With over forty museums, Basel can well boast of being one of Europe’s cities with the best contemporary cultural facilities. A large number of these numerous museums feature the plastic arts as their central theme, displaying works that range from antiquity to the present. The city’s penchant for collecting has its origins in the 16th century, when collectors hailed from both the private and public sectors. Several private collections have been opened to the public in recent years, augmenting the supply even further.

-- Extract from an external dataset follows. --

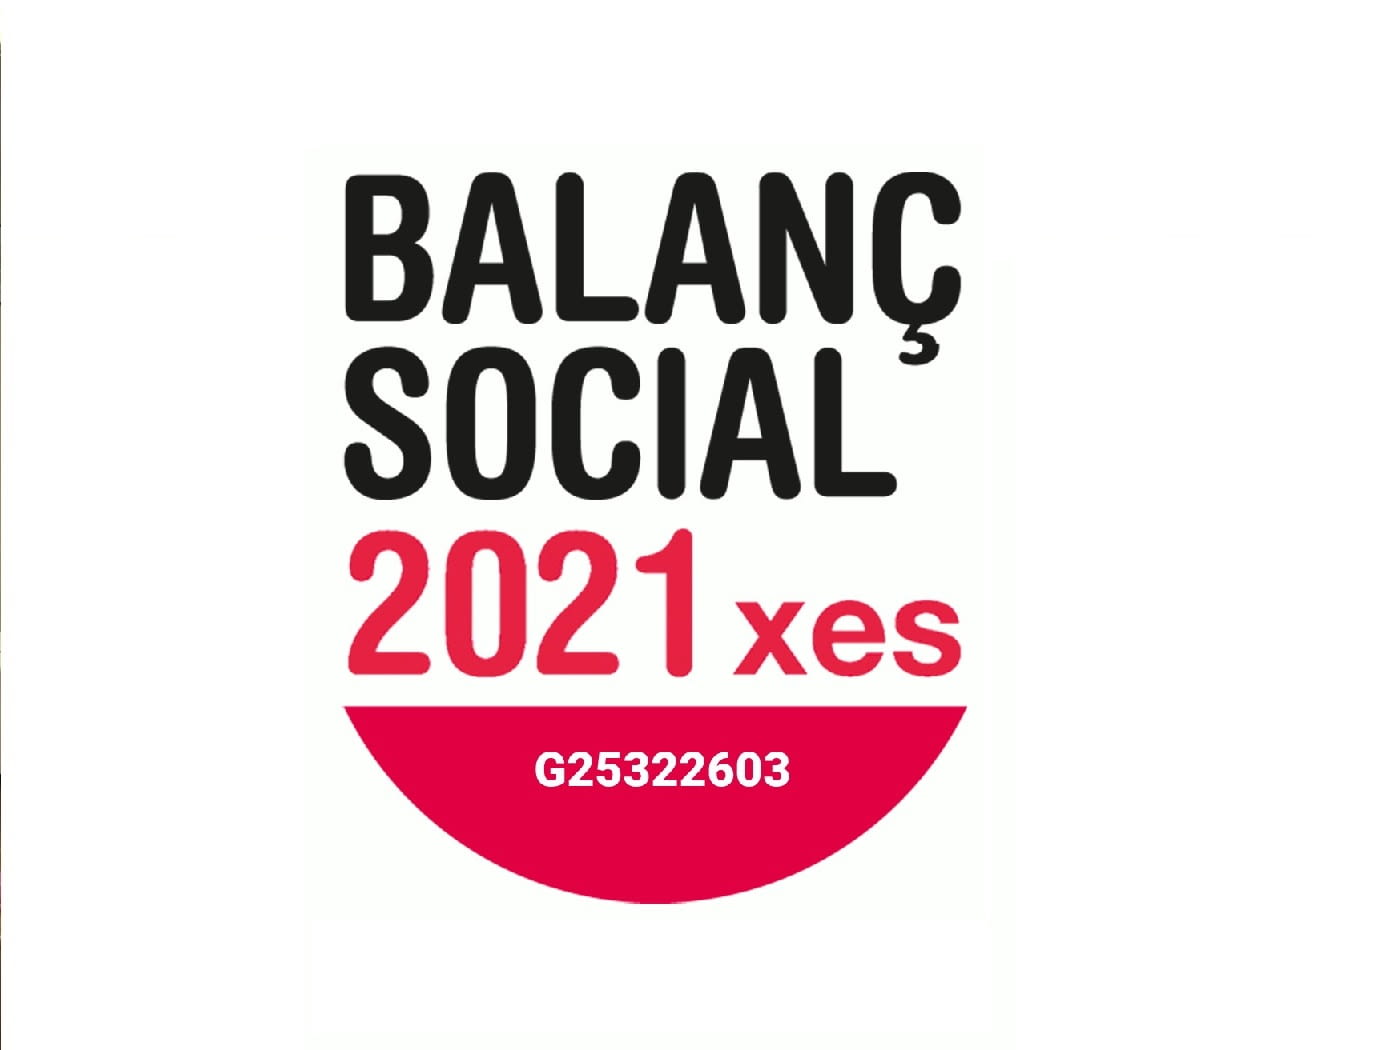 Renovem el compromís i la nostra acreditació amb Balanç Social 2021

The Kunstmuseum Basel – the Beginning of Everything

This is the most significant museum in Basel and the largest in Switzerland. Its collections, which date back to 1662, feature works running from the Middle Ages up to the present. Hans Holbein enthusiasts are in for a treat if they come here, as it boasts one of the largest collections of this artist’s work.

The Beyeler Foundation – a European Collector’s Classic

This foundation, housing the collection of the spouses, Ernest and Hildy Beyeler, is one of the largest and most important in central Europe. It is a compendium of classical modern art, from Monet, Cézanne and Van Gogh to Picasso, Warhol, Lichtenstein and Bacon. The counterpoint to these figures is a display of tribal art from Africa, Oceania and Alaska, the contrast producing an interesting result. Also well worth seeing are the surroundings of the beautiful building – designed by Renzo Piano – with its priceless garden.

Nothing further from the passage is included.